Chapter 10: Productionization
This chapter picks up some of the odds and ends for handling your cube once it has exited the development portion of the lifecycle and has moved on into maintenance. The first topic of discussion, although brief, is that of how changes are made to a cube once it has already gone into production. The next topic, which goes into some length, relates to how you can manage partitions and is complete with examples. Afterwards, there is a very well put together primer on processing – also with examples of processing and the impacts of each type. This is followed by some basic information on proactive caching, backups and synchronization between Analysis Services instances.

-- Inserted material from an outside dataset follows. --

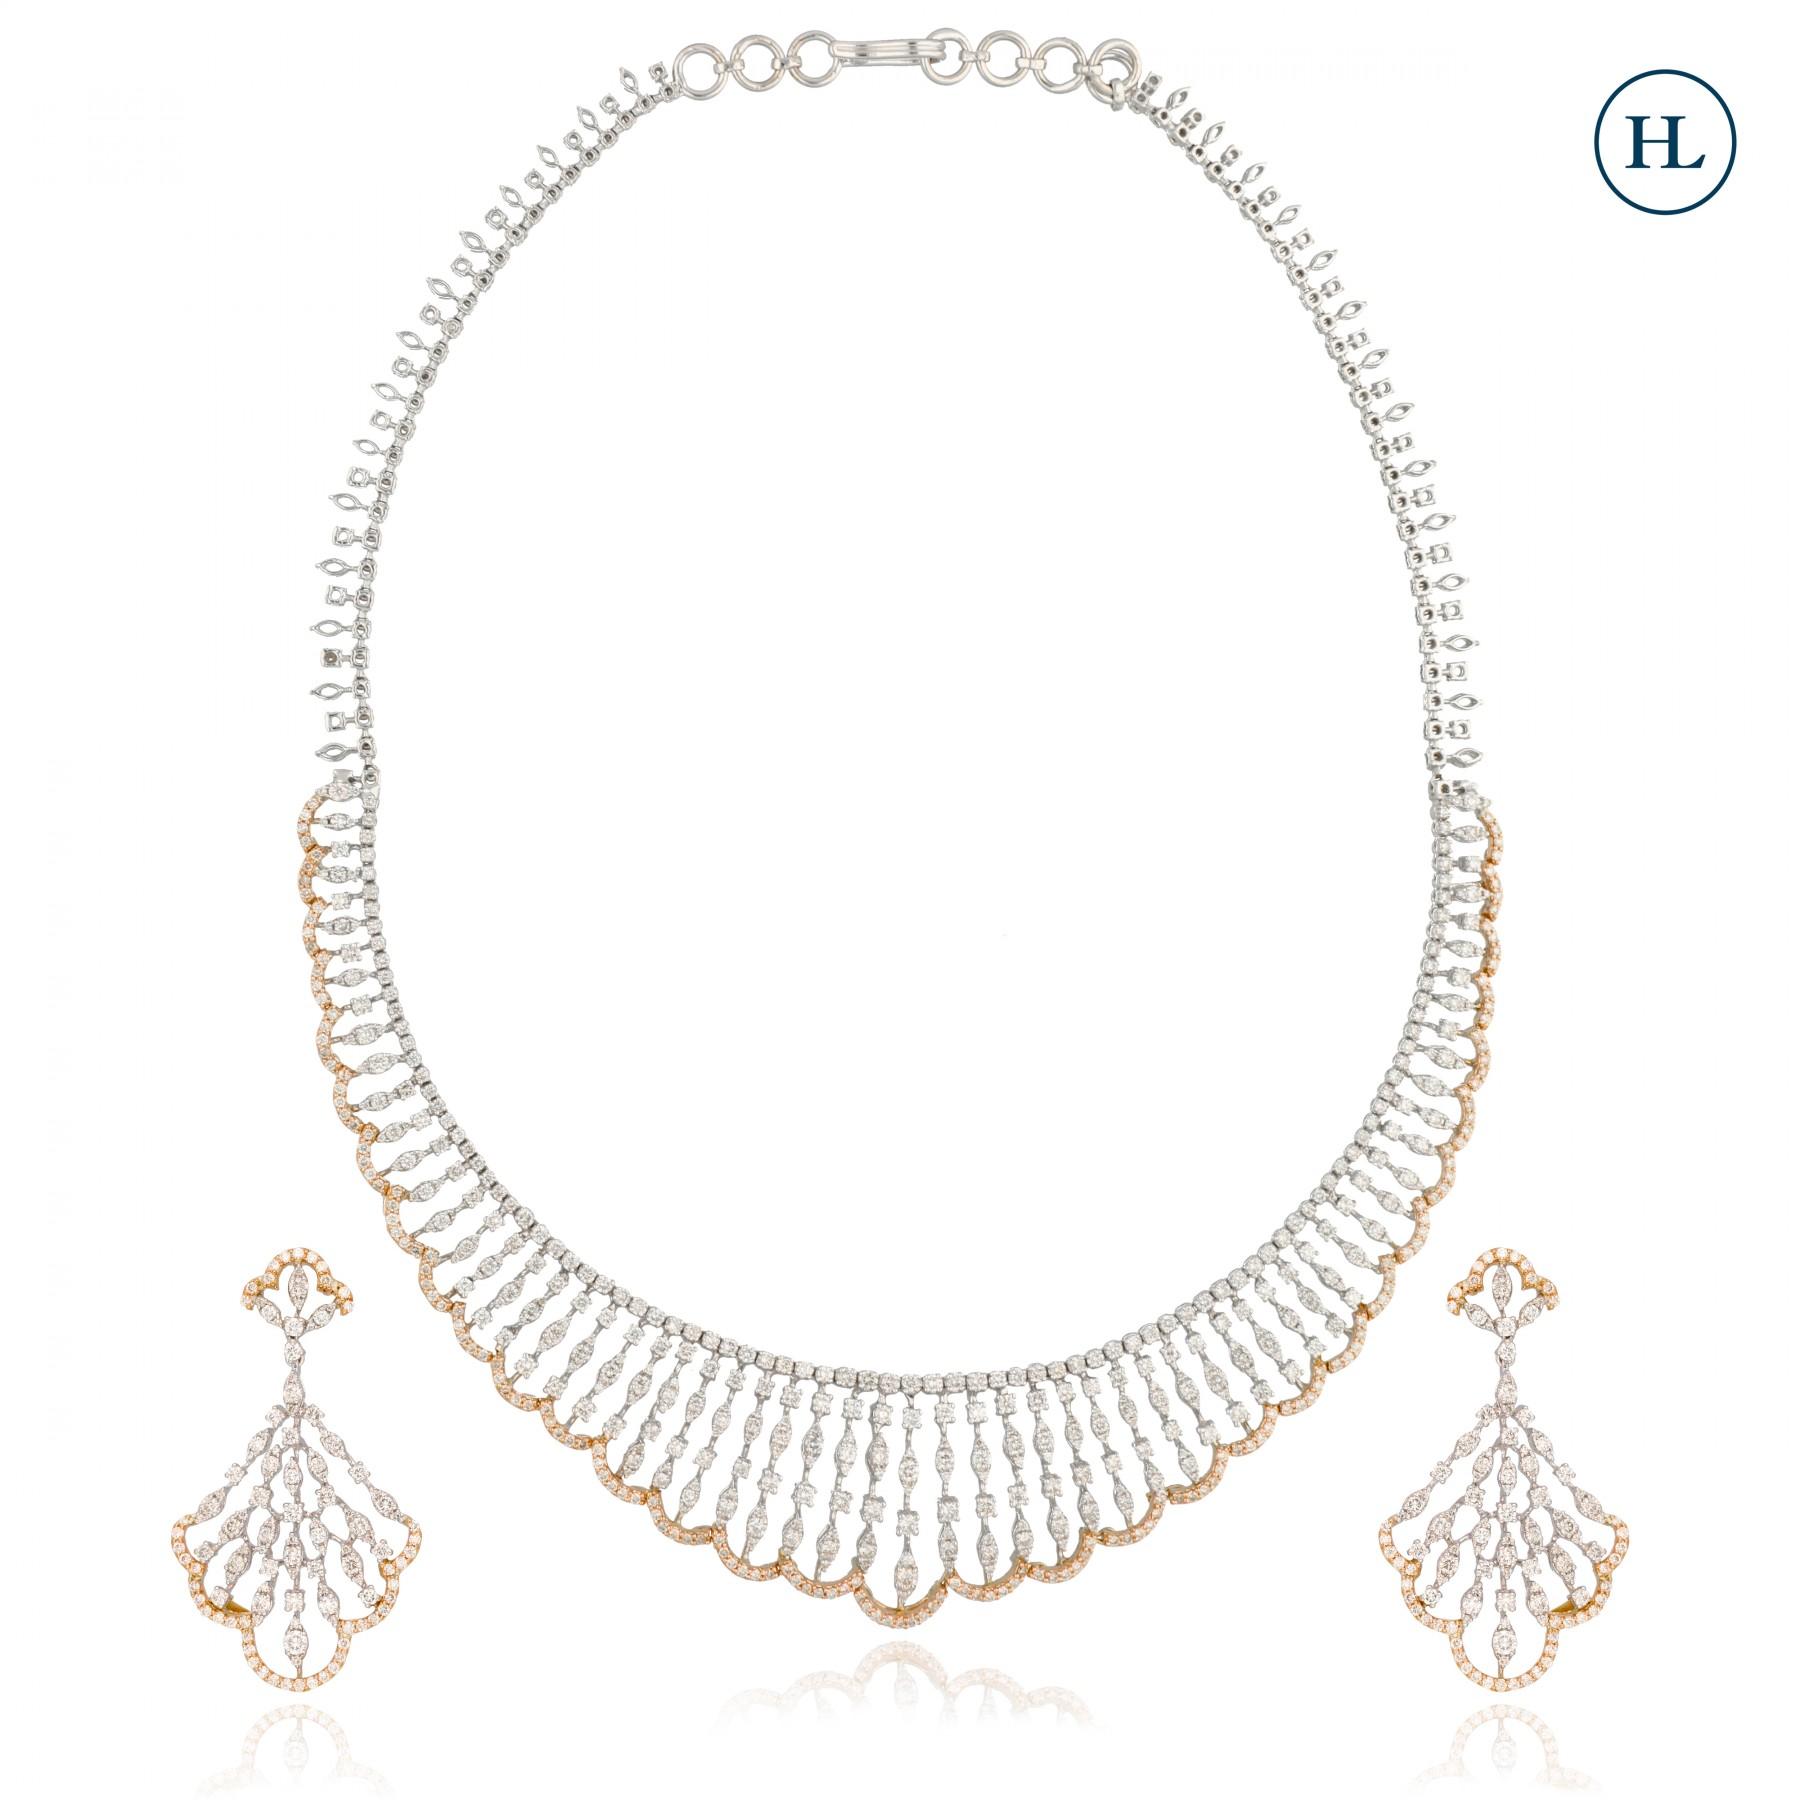 Spikes Diamond Necklace Set

Chapter 11: Monitoring Cube Performance and Usage
Some basic information is imparted on the user relating to the SSAS service and how you can collect data from such items as the services pane, task manager, performance monitor, sql profiler, and resource manager. We get a discussion focusing on memory and how it is that SSAS uses it, as well as how the machine may be interacting with other programs or processes that may also need memory. We also get a similar treatment for basic information on I/O. There is a VERY basic and generic framework for looking at monitoring the processing with performance monitor counters, the DMVs and trace data. After this brief treatment we get an even briefer blurb on monitoring query performance and then also on monitoring usage through the same tools.

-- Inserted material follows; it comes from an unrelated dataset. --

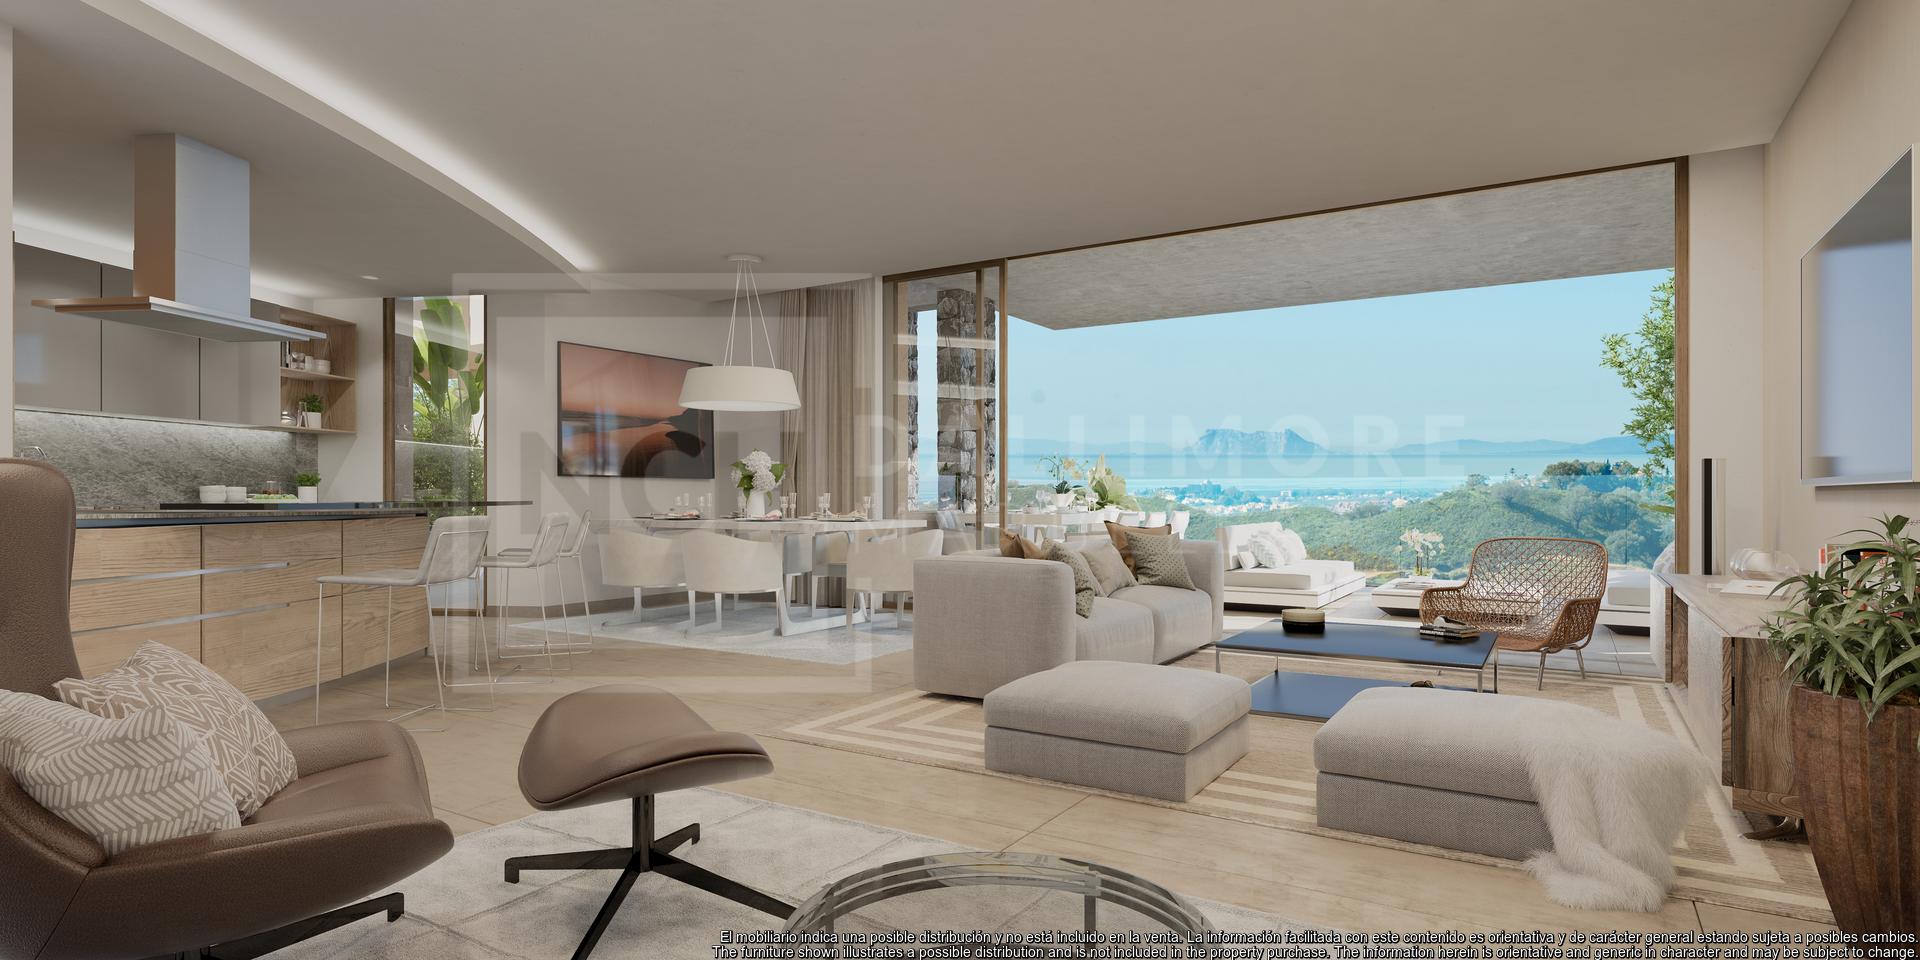 Ground Floor Apartment Real de La Quinta, Benahavis – NEWA6691

Again, I’m not sure exactly how I felt about the chapter; but again, there were a lot of links to other papers, blogs and in this case tools or tool suites. I believe that the links to some of these tool suites will make all of the difference in the world for a place to start on monitoring the SSAS instances. So, although the chapter itself may have left some to be desired, I think it will have pointed me in exactly the direction I needed to go. And that may very well have been worth the price of the book on its’ own.